5 Ways to Go Green and Save Money in 2014
NEW YORK ( MainStreet) During these first weeks in January, all the common New Year's resolutions are floating around with weight loss usually being first on the list. However, this year especially, more people are looking for ways to save money. If you are a homeowner, the following five "go green" tips are simple enough to carry out and have the potential to save you a bunch of money over the course of the year.

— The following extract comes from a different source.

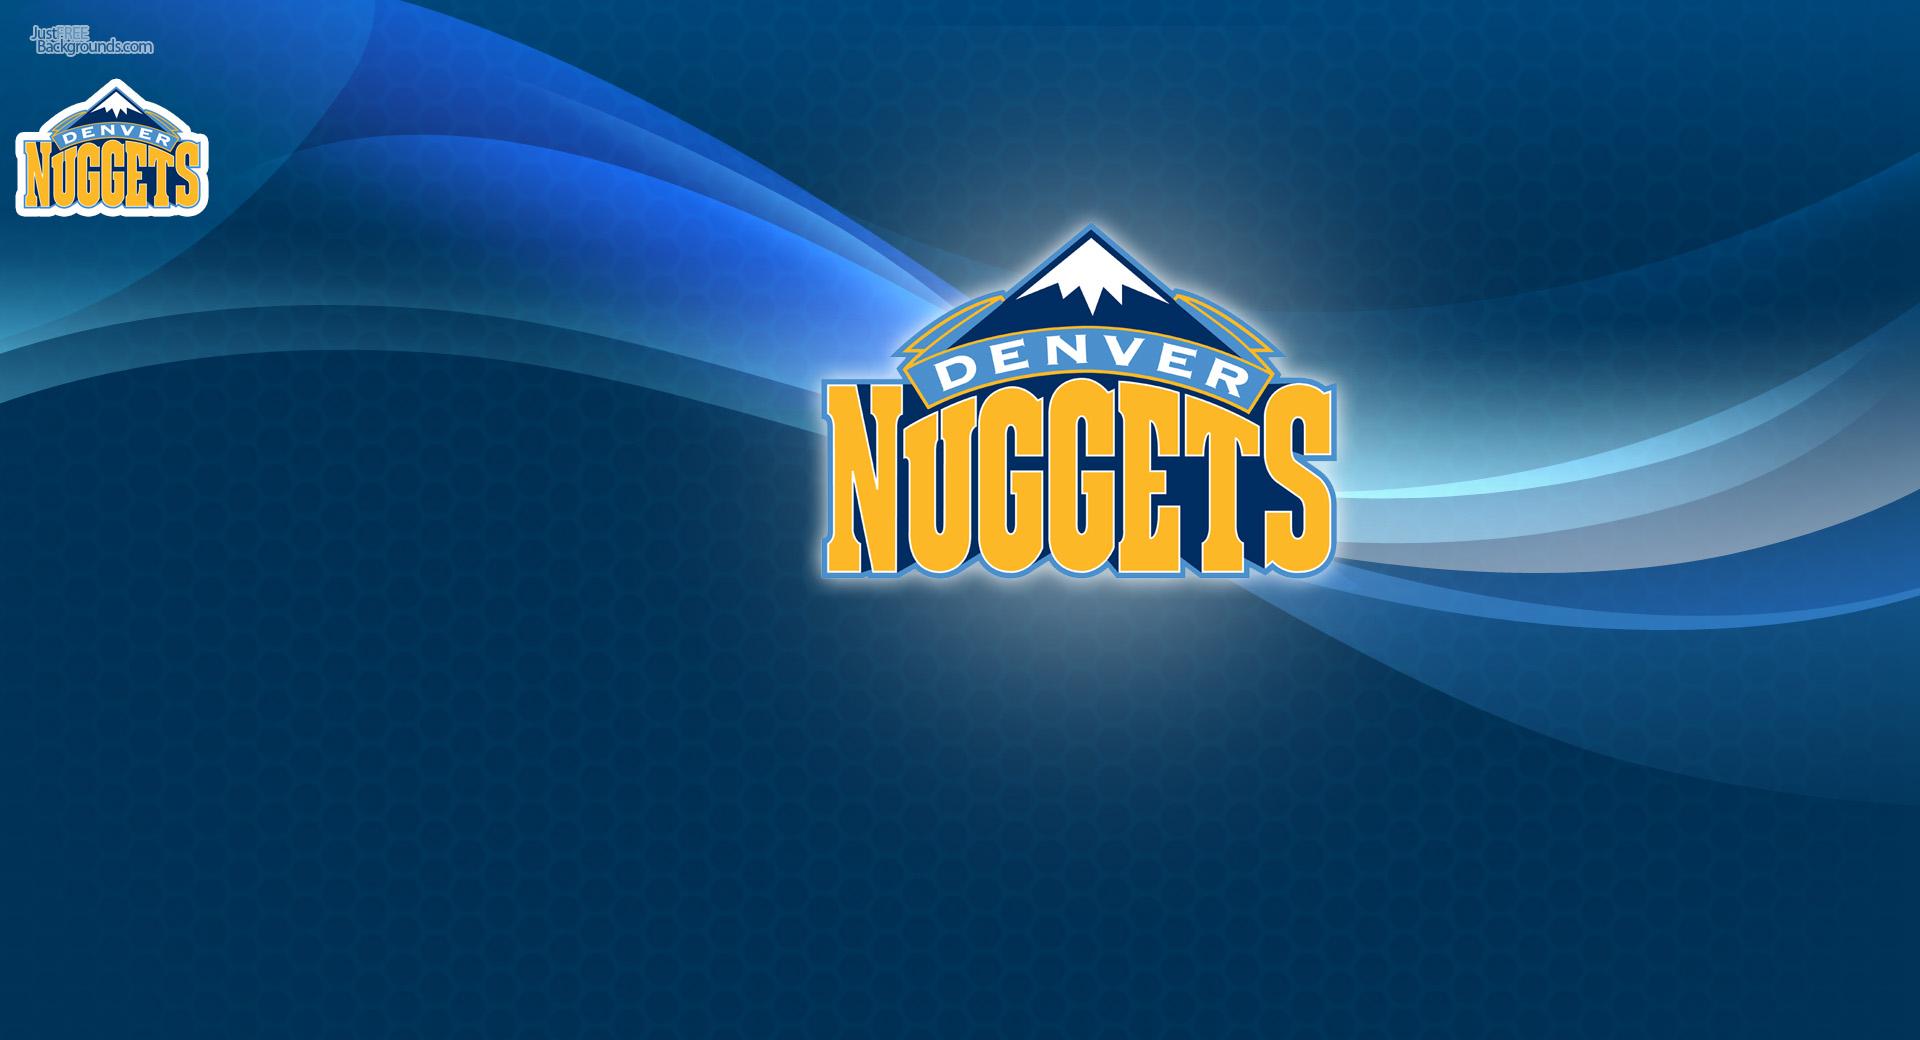 Denver Nuggets  Full HD Widescreen wallpapers for desktop

1. Cleaning Products. Before you break out the Lysol Kitchen Cleaner to clean the mess on the counter, take a jab at an all-natural liquid castile soap, such as this one made by Dr. Bronner's Magic Soaps. Made primarily from organic oils, this soap is certified fair trade, non-GMO, non-animal tested and vegan. A 32-ounce bottle costs approximately $16.99, but before you say that the price is higher than a bottle of Lysol, you should know that castile soap can be used to clean multiple areas. When diluted to the proper amount per task, it can be used on dishes, floors, and laundry, in addition to counter surfaces. The natural ingredients in the soap also enable the product to double as a body wash or a shampoo! This soap can also be used for pest control, which you will read more about in the next tip.
How it saves you money: A 22-ounce spray bottle of Lysol Antibacterial Kitchen Cleaner retails anywhere from $4.50 to $8.50. If you were to trade your Lysol, which handles one specific task, in for one 32-ounce bottle of Dr. Bronner's liquid soap, you would be paying $16.99 for an eco-friendly counter cleaner (~$6), floor cleaner (~$8), laundry detergent (~$8), and more, all in one.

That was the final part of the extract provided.